Bilim ve tekniğin kurallarına uygun bir yapılaşmayla inşa edilse yıkılmayacak olan binalar depremlerde saniyeler içinde yerle bir oluyor.
Bitmeyen rant döngüsü…
Alınmayan önlemler, rant-talan politikaları sebebiyle doğa olayları büyük bir yıkıma neden oluyor. Sel, yangın, depremlerde sermaye devletinin kurumları üç maymunu oynuyor. Sorumluluğu üzerinden atmak için yalan ve manipülasyona başvuruyor. Sermaye medyası da gerçekleri çarpıtarak emekçileri kandırmaya çalışıyor. Doğanın sürdürülebilirliğini önemsemeyen sermaye, yaşanan afetlerin ardından insanların ve canlıların kurtarılmasına öncelik vermiyor. Hemen yeni rant planlarını hayata geçiriyor. Maraş merkezli depremlerde yaşananlar hafızalardaki yerini koruyor. Enkaz altında yüz binlerce kişi kurtarılmayı, enkazdan sağ çıkabilenler ise su ve gıdayı beklerken, sermaye iktidarı zaman kaybetmeden yıkılan alanları derhal yandaşları için ihaleye açtı.

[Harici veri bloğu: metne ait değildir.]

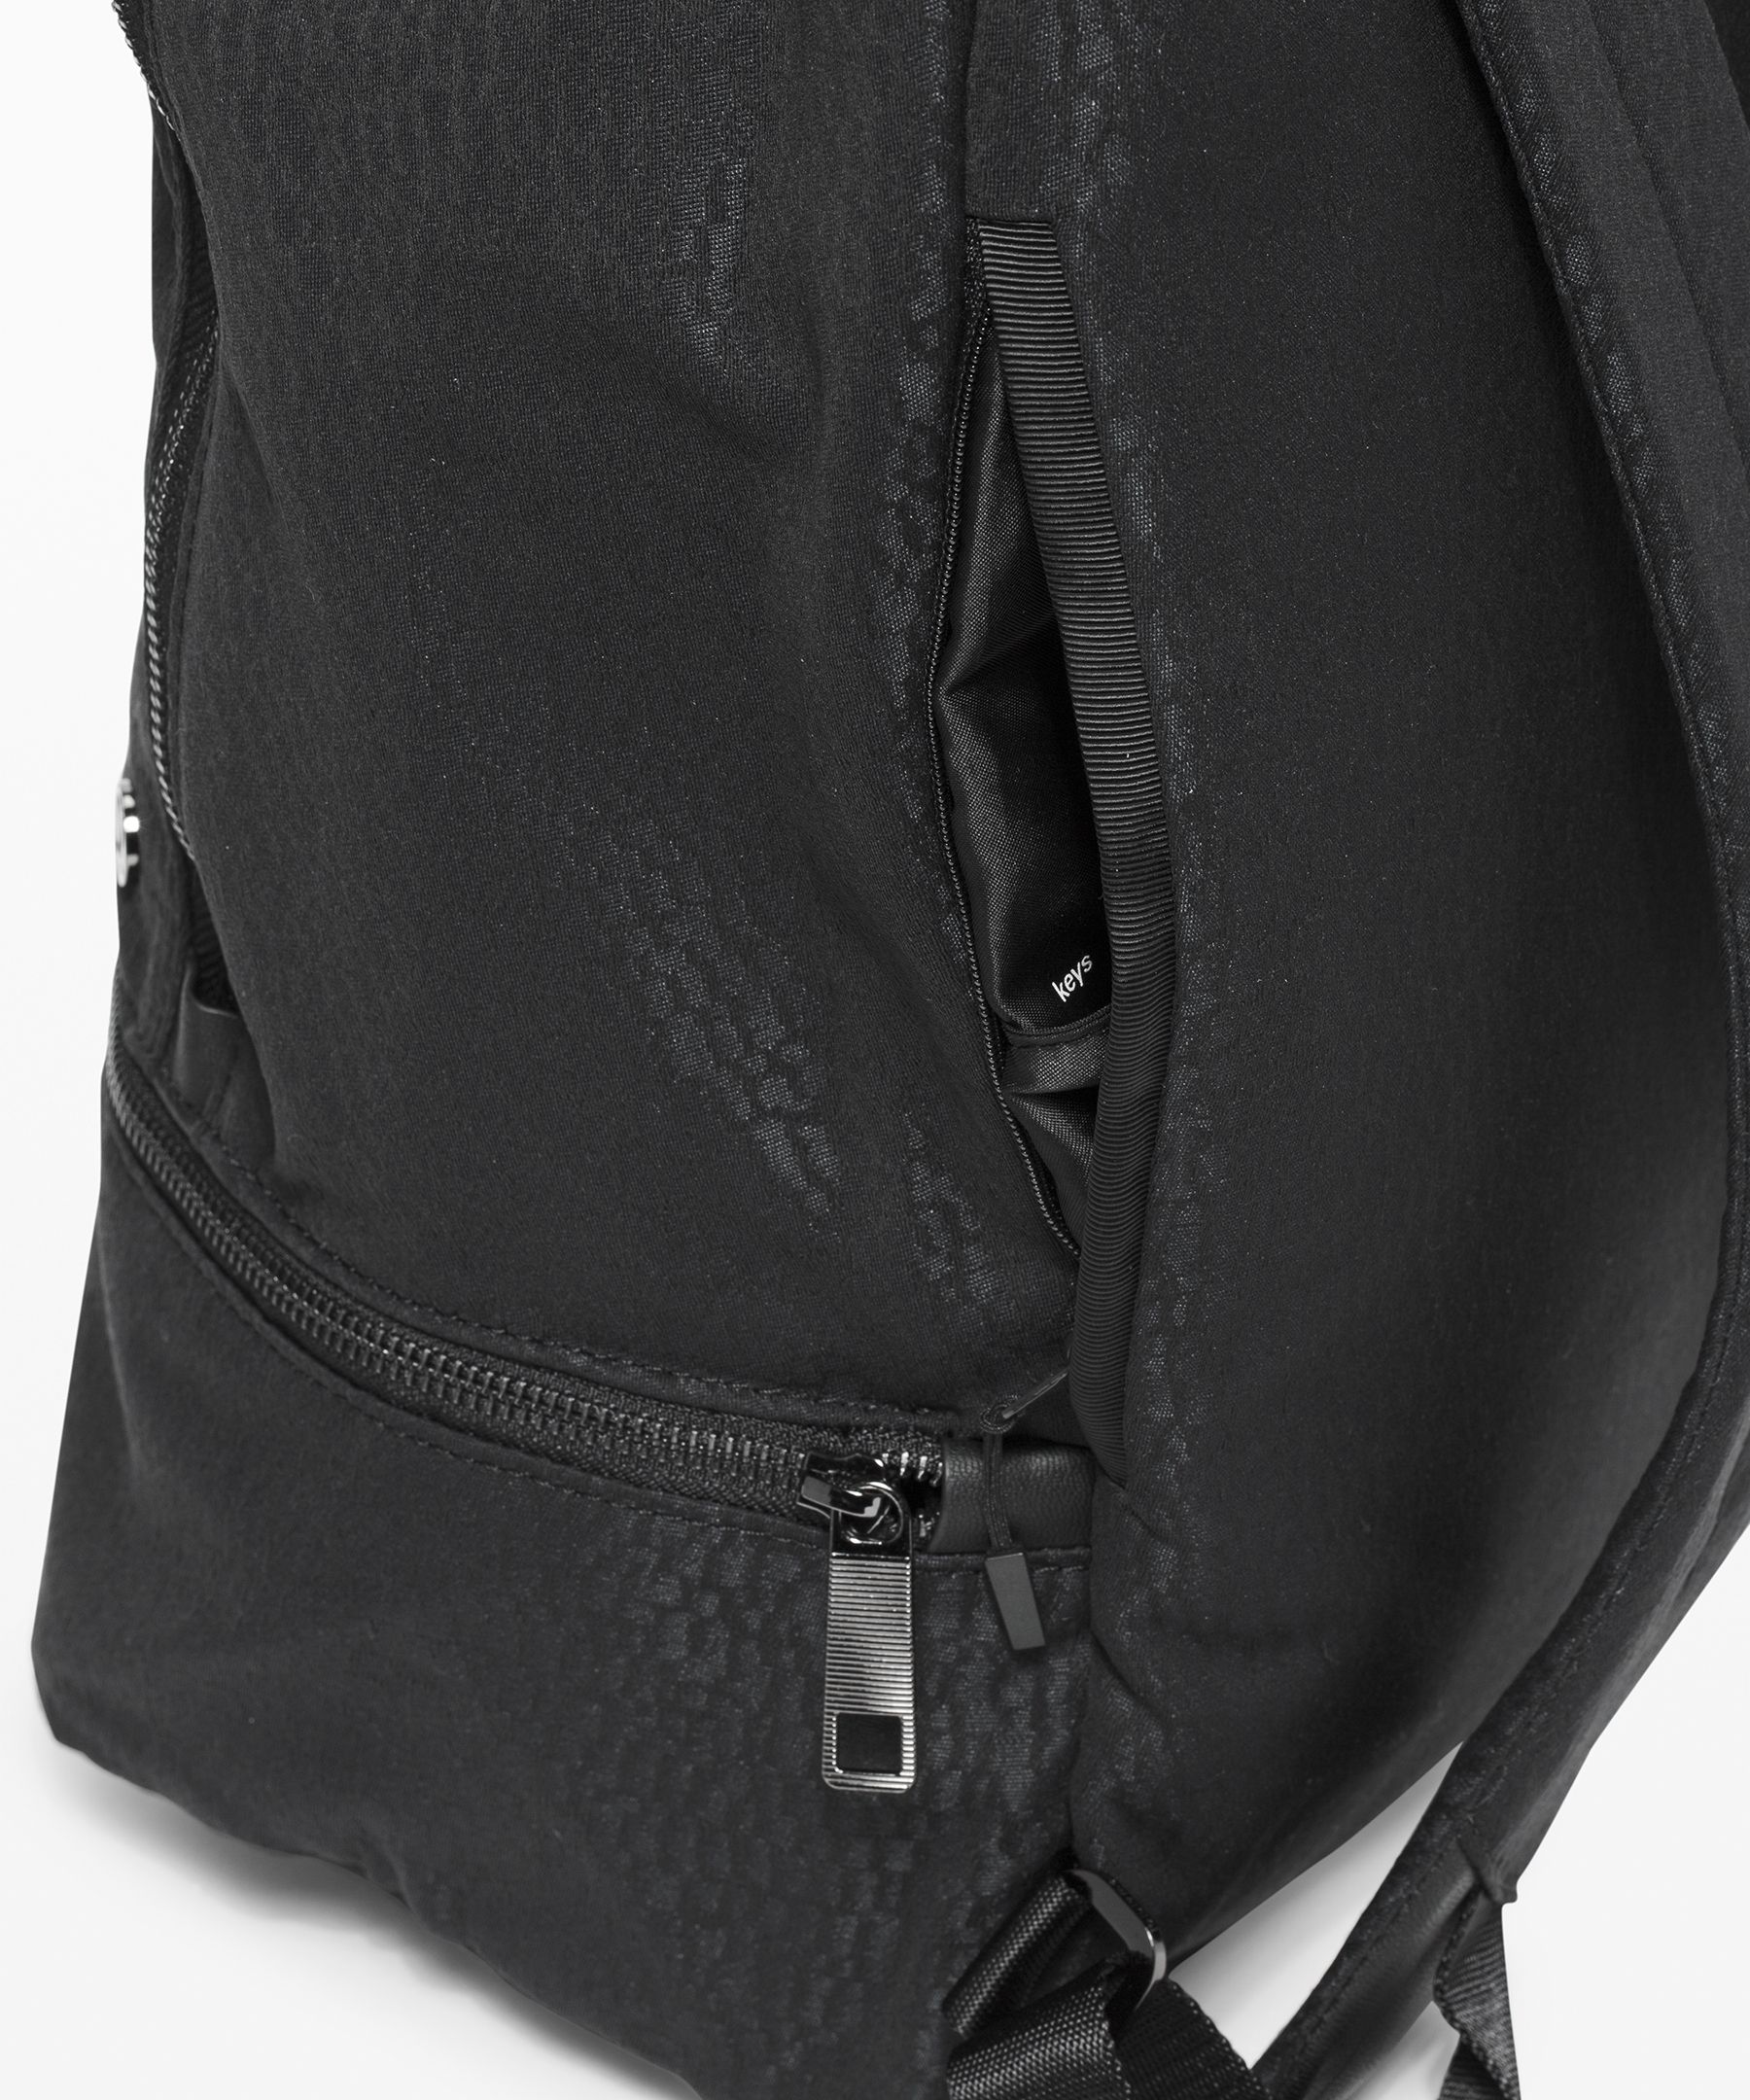 black backpack lululemon

Yine 2021’de günlerce süren orman yangınları devam ederken çıkarılan bir yasa ile ormanlık arazilerde yapılaşma yetkisi Turizm Bakanlığı'na verildi. Bu, yangının henüz söndürülmeden bu felaketinin yarattığı fırsatın nasıl anında ranta çevrildiğinin çarpıcı bir örneğidir.
Kastamonu-Bozkurt’taki sel felaketinin başlıca nedenleri HES’ler olmasına rağmen, dönemin Tarım ve Orman Bakanı Bekir Pakdemirli “Genelde HES’ler selin sebebi yerine bana göre mağduru oluyor. HES’ler negatif olarak etkileniyor” sözleriyle sermaye iktidarının önceliklerini itiraf etmişti.
Akdeniz ve Ege’deki orman yangınlarının ardından AKP’li Belediye Başkanı Mehmet Özeren’in “Eski evi olan vatandaşlar keşke bizim de evimiz yansaydı diyecekler” cümlesi de soruna nasıl baktığının bir başka örneğidir. Bu yangınlarda zarar gören köylülere senet imzalatılarak borçlandırılmıştı.
Yaşananlar “doğal afeti” aşan tedbirsizlik, plansızlık, denetimsizlik ve ihmalkârlığın yol açtığı yıkımlardır. Sermaye iktidarının kâr odaklı iklim, çevre ve afet politikaları yıkıma zemin hazırlıyor ardından aynı yıkımı inşaat kapitalistleri için fırsata çevriliyor.
Yıkımları bir kez daha rant çevirmek sermaye iktidarının temel ilkesidir. Yaşanan her felakete “kader” demek, emekçilerin dayanışmasını baltalamak, ırkçı söylemlerle gerçekleri çarpıtmak, emekçileri azarlamak ve en küçük bir sorumluluk almamak, bu kokuşmuş-çürümüş düzenin varlık nedenidir. Bu döngüyü parçalamak, doğa olaylarının felakete dönüşmediği bir düzen inşa etmek ancak emekçilerin bu çürümüş düzene karşı yükselteceği mücadeleyle mümkün olacaktır.